Please copy the data exactly as it stands, minus the images.
##### SUPPLIED MATERIAL
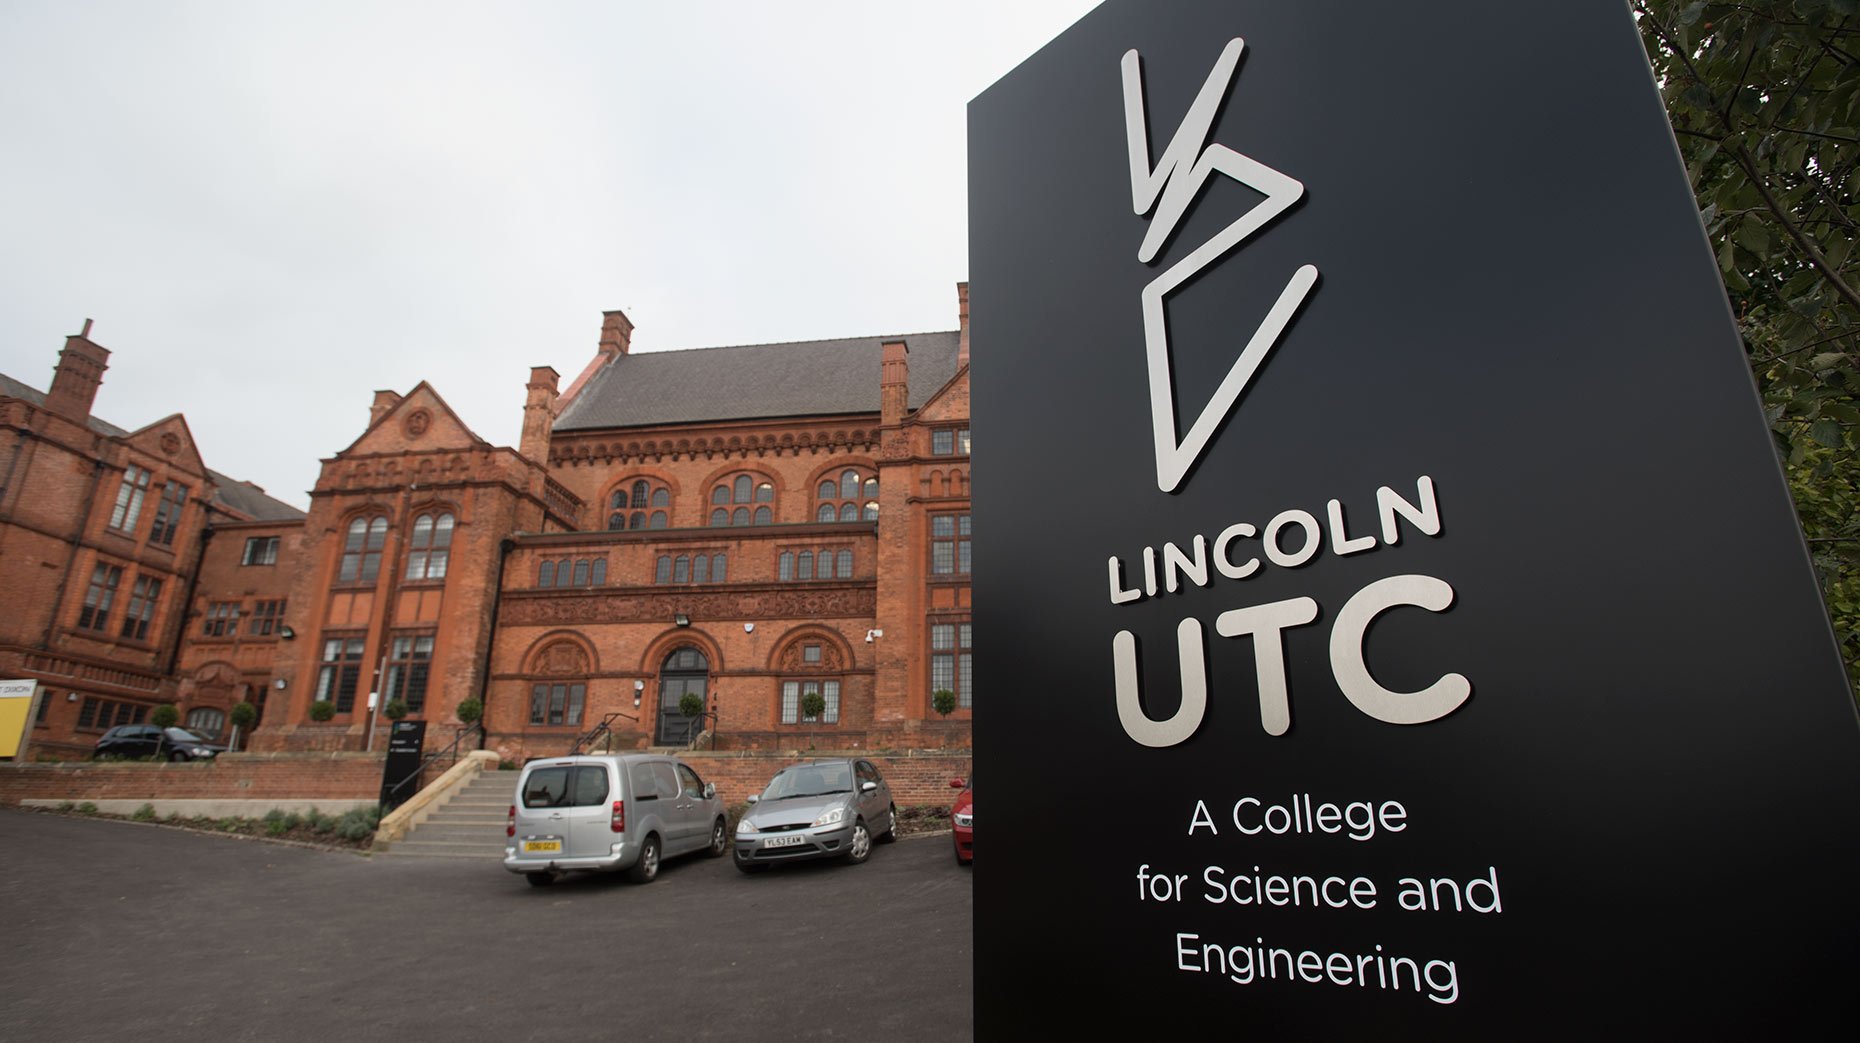 The building has seen a £7.5 million investment and a new three-storey extension. Photo: Steve Smailes for The Lincolnite
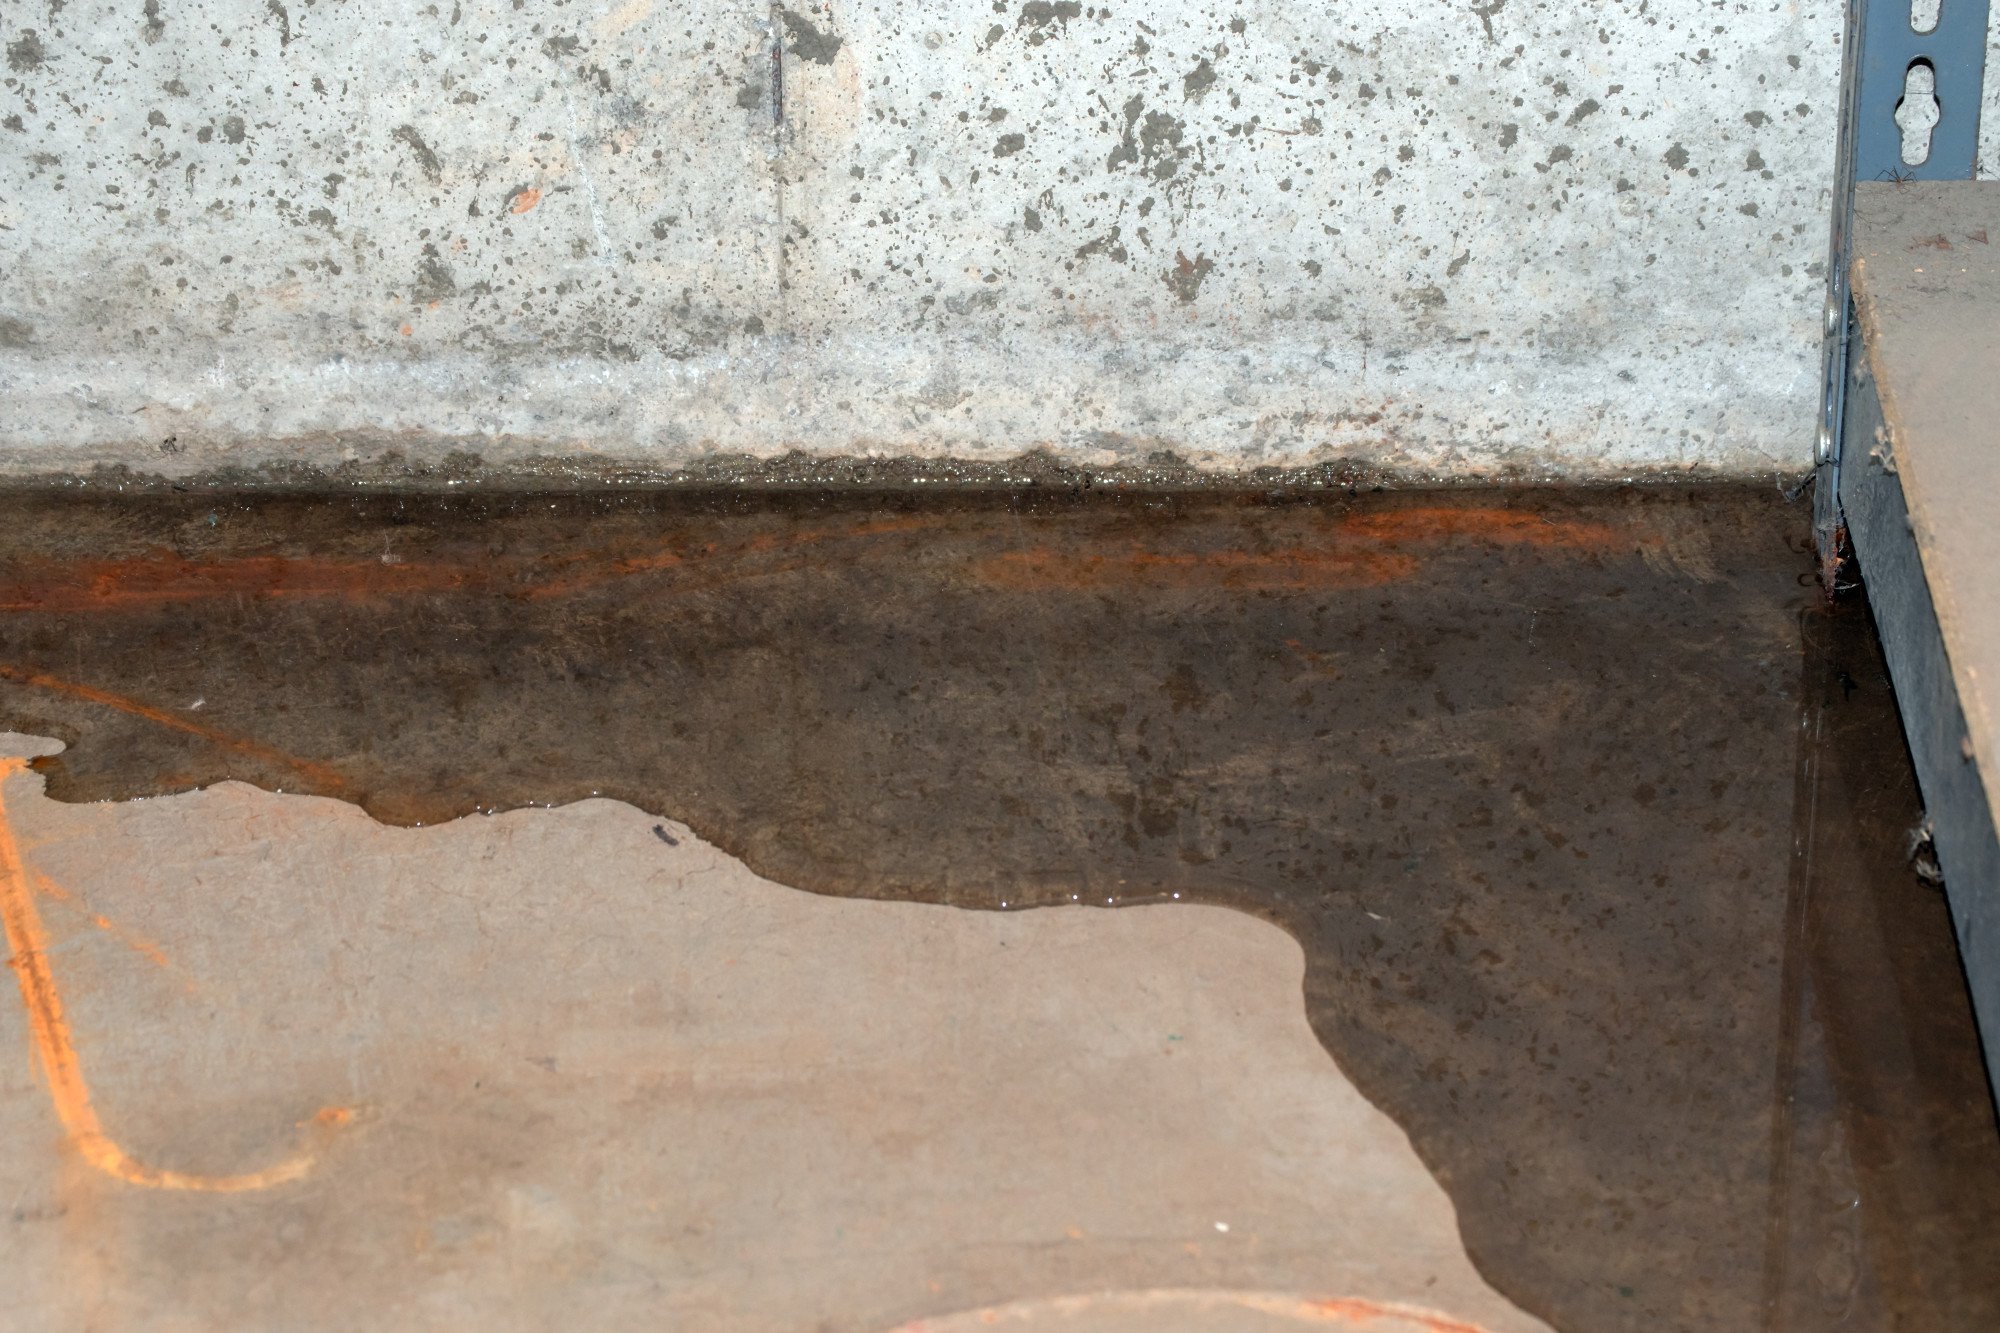 How Long Does Waterproofing Last? - image of basement floor leaking water at the corner where the wall meets the floor.
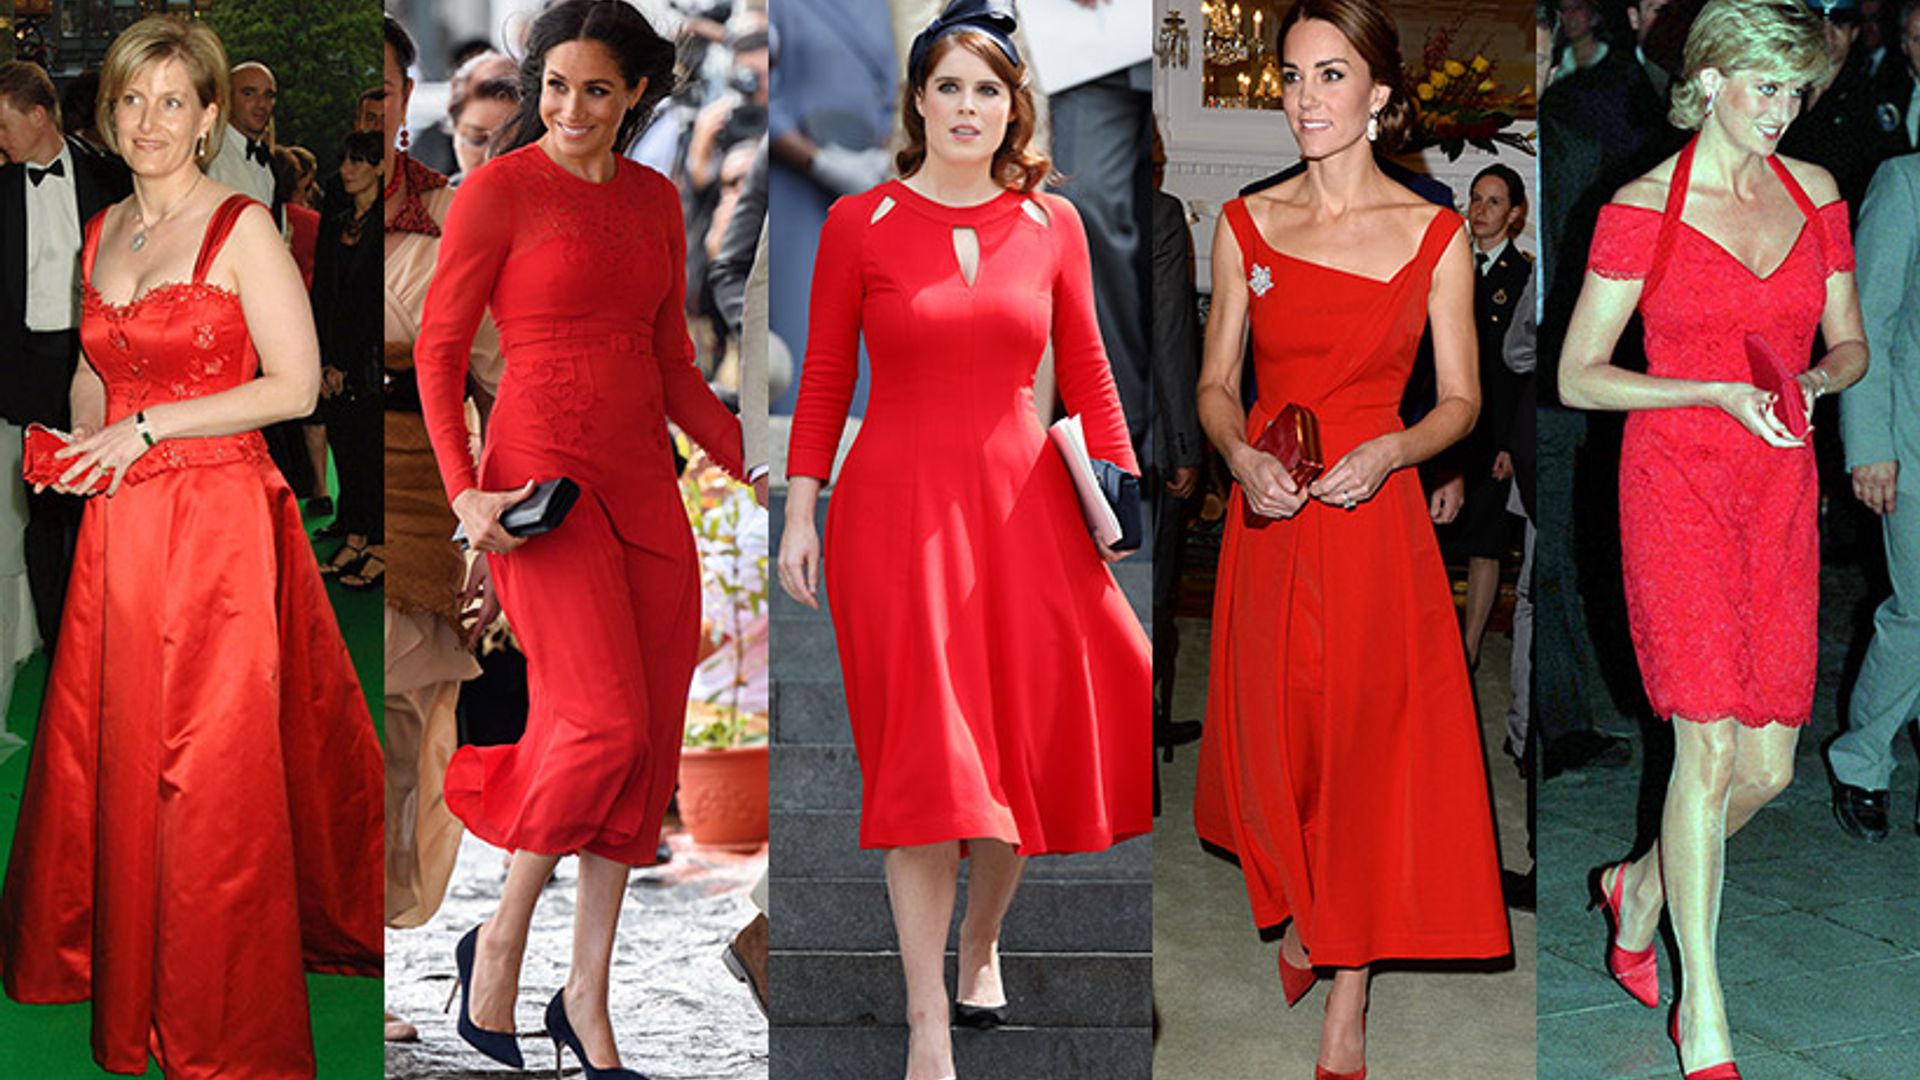 THIS is how to wear red according to the royal family
##########
• **RESPONSE AREA**:
 The building has seen a £7.5 million investment and a new three-storey extension. Photo: Steve Smailes for The Lincolnite
 How Long Does Waterproofing Last? - image of basement floor leaking water at the corner where the wall meets the floor.
 THIS is how to wear red according to the royal family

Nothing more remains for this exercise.